> [Activity] In the entries that follow, find the line containing "My bias groups, aka" and the line containing "Kew Gardens Bailey Dungaree Outfit", then retype exactly the lines from the first through the second, pictures excluded.
::: Source records :::
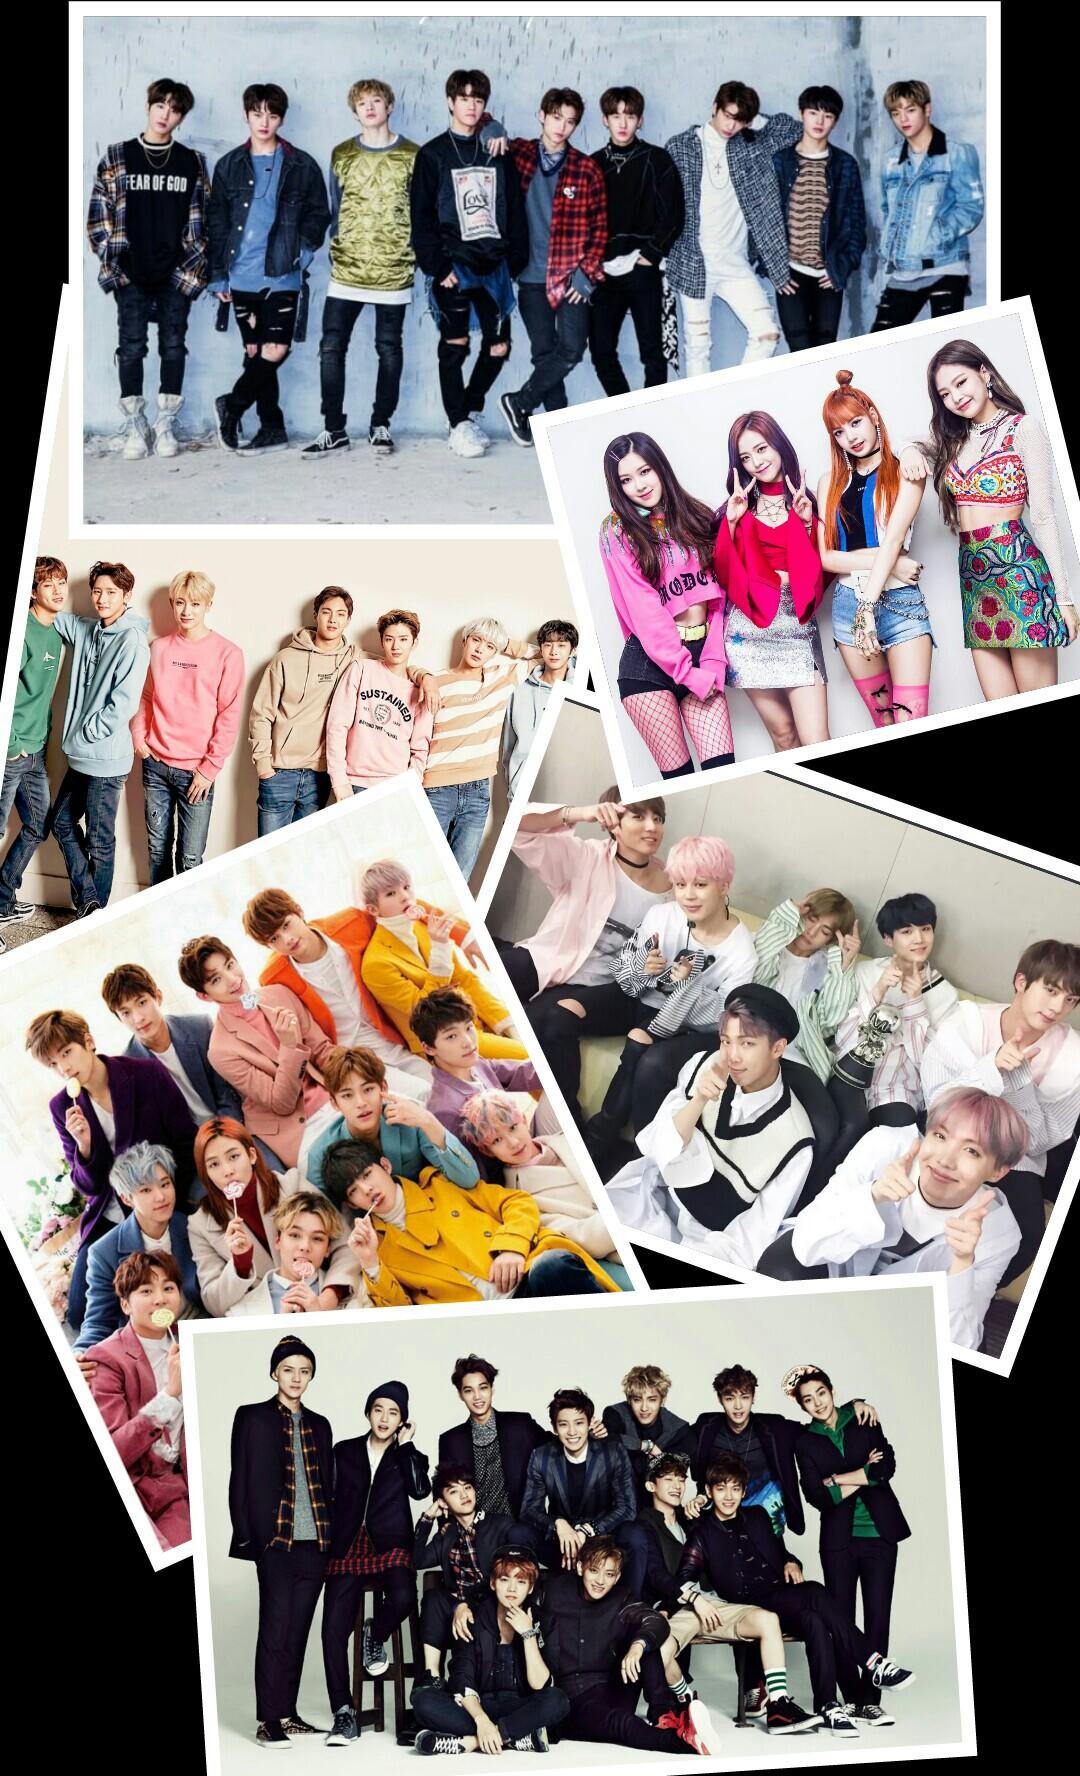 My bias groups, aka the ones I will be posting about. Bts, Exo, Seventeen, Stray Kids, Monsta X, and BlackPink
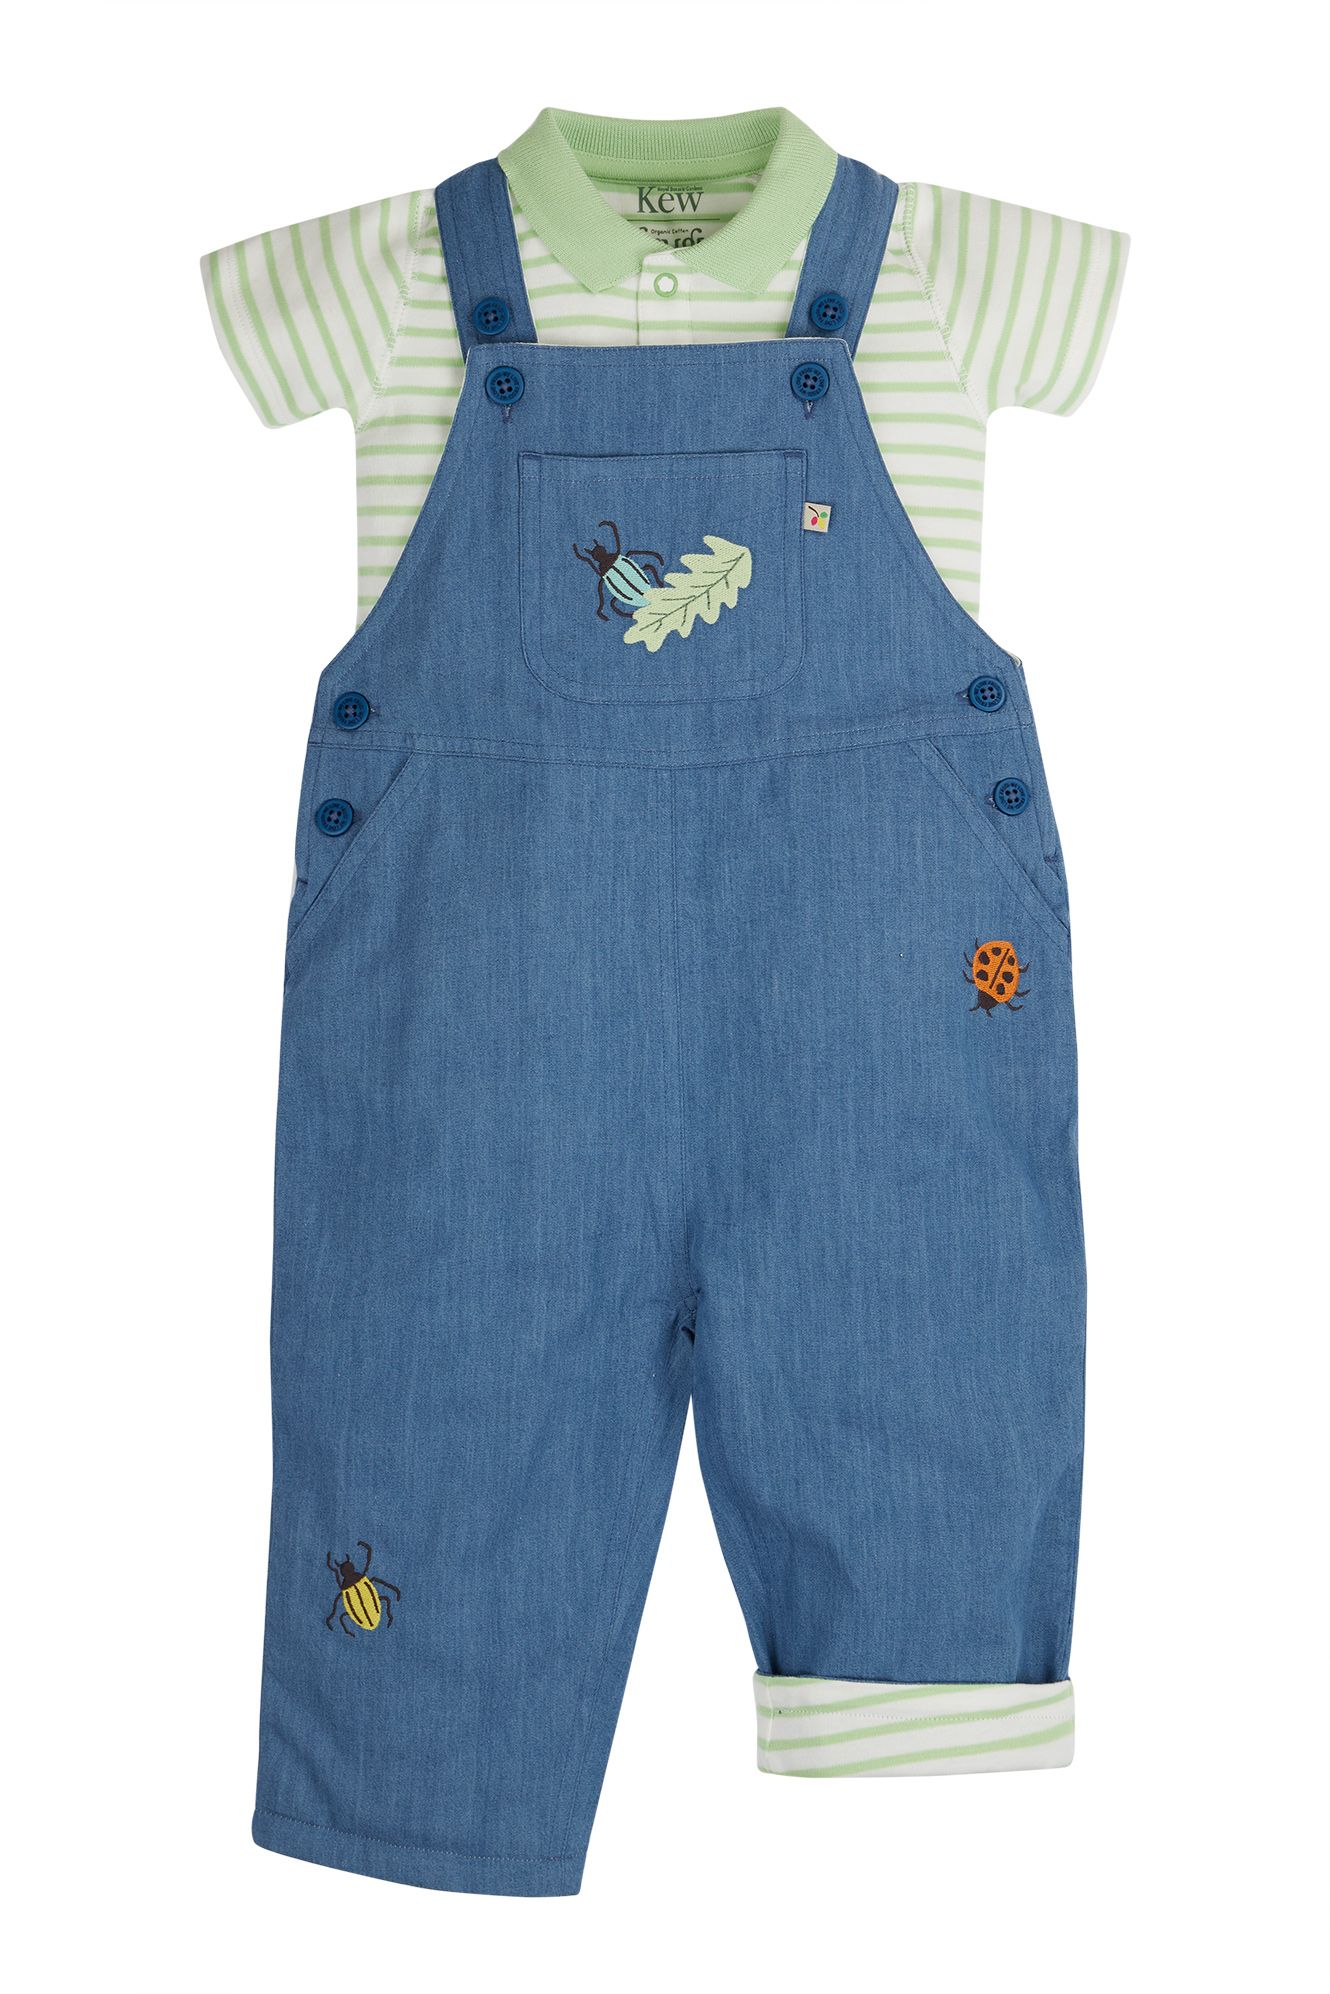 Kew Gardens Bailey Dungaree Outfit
:::
::: Source records :::
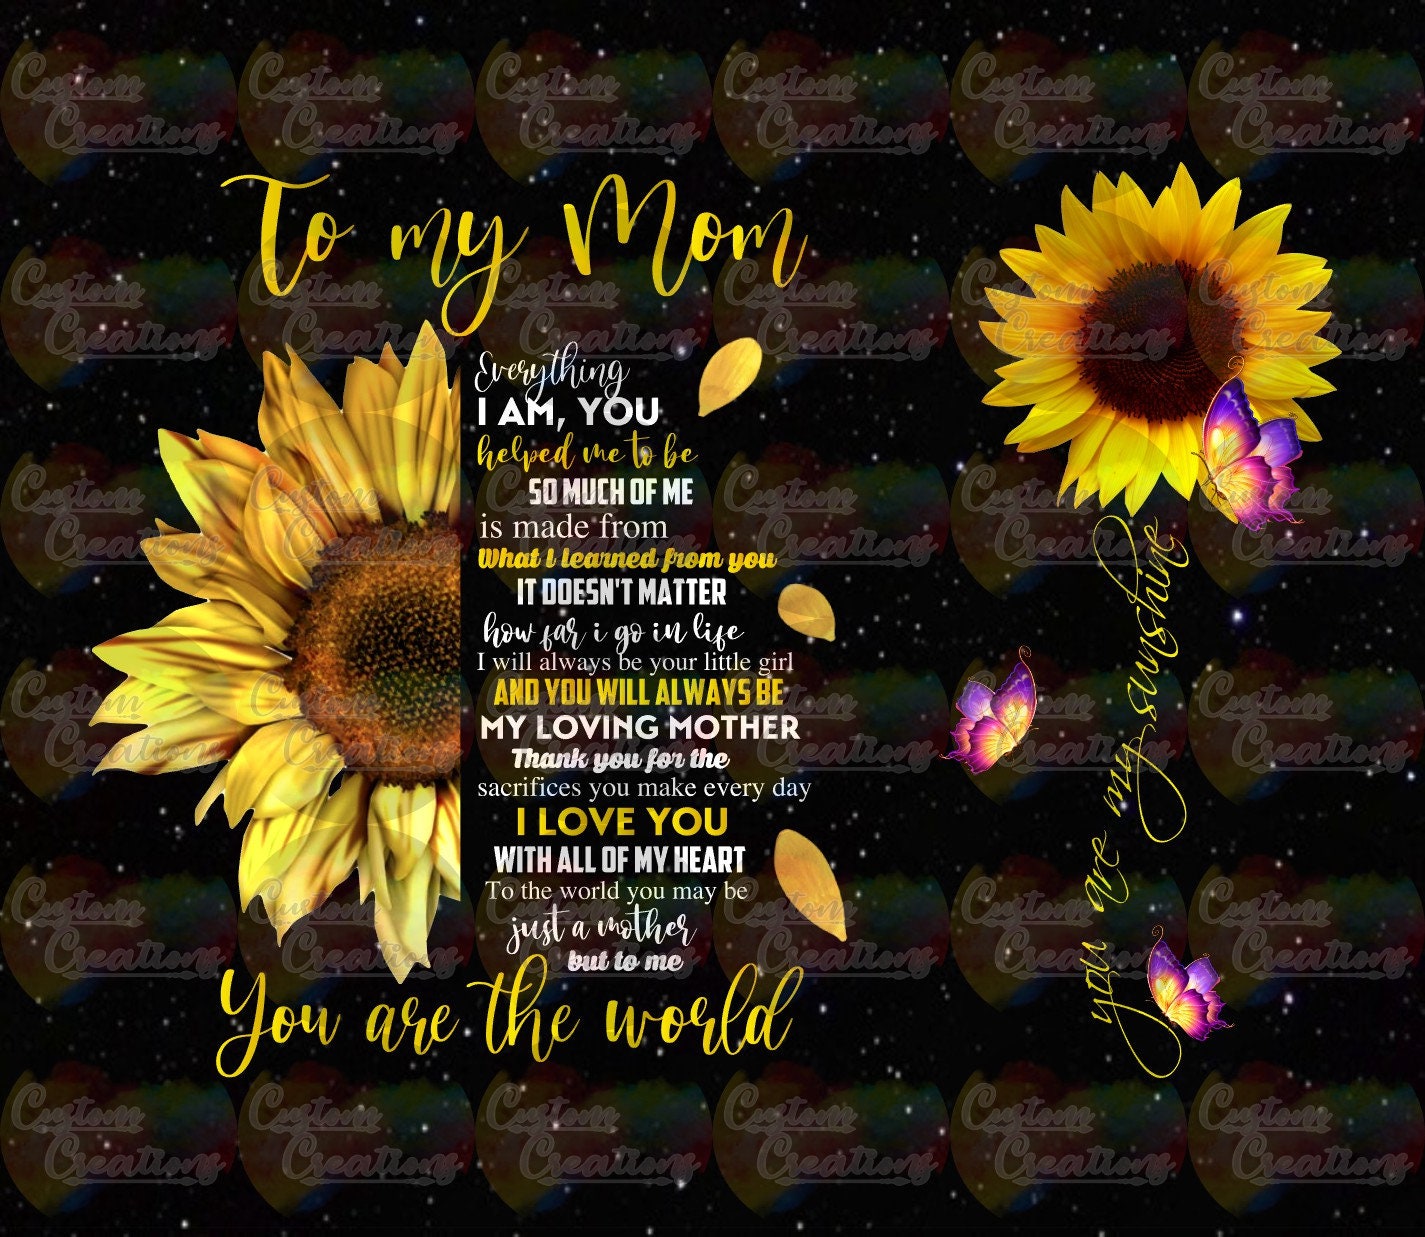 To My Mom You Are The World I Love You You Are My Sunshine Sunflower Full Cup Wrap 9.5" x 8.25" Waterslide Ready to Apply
:::
::: Source records :::
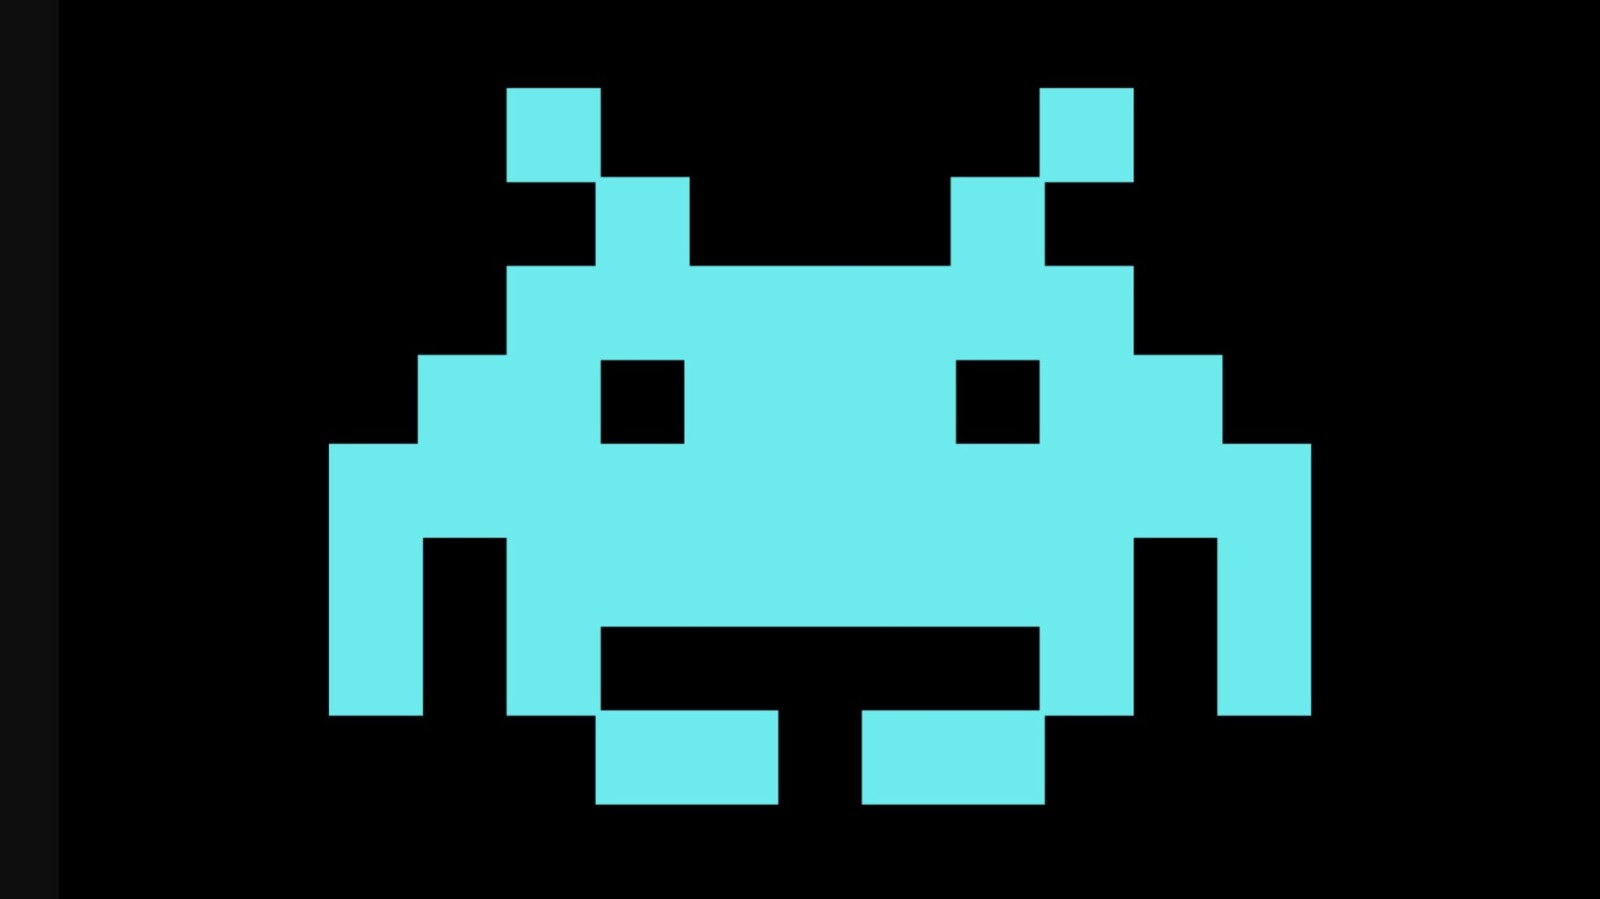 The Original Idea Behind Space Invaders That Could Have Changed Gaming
:::
> [Result for this exercise]
 My bias groups, aka the ones I will be posting about. Bts, Exo, Seventeen, Stray Kids, Monsta X, and BlackPink
 Kew Gardens Bailey Dungaree Outfit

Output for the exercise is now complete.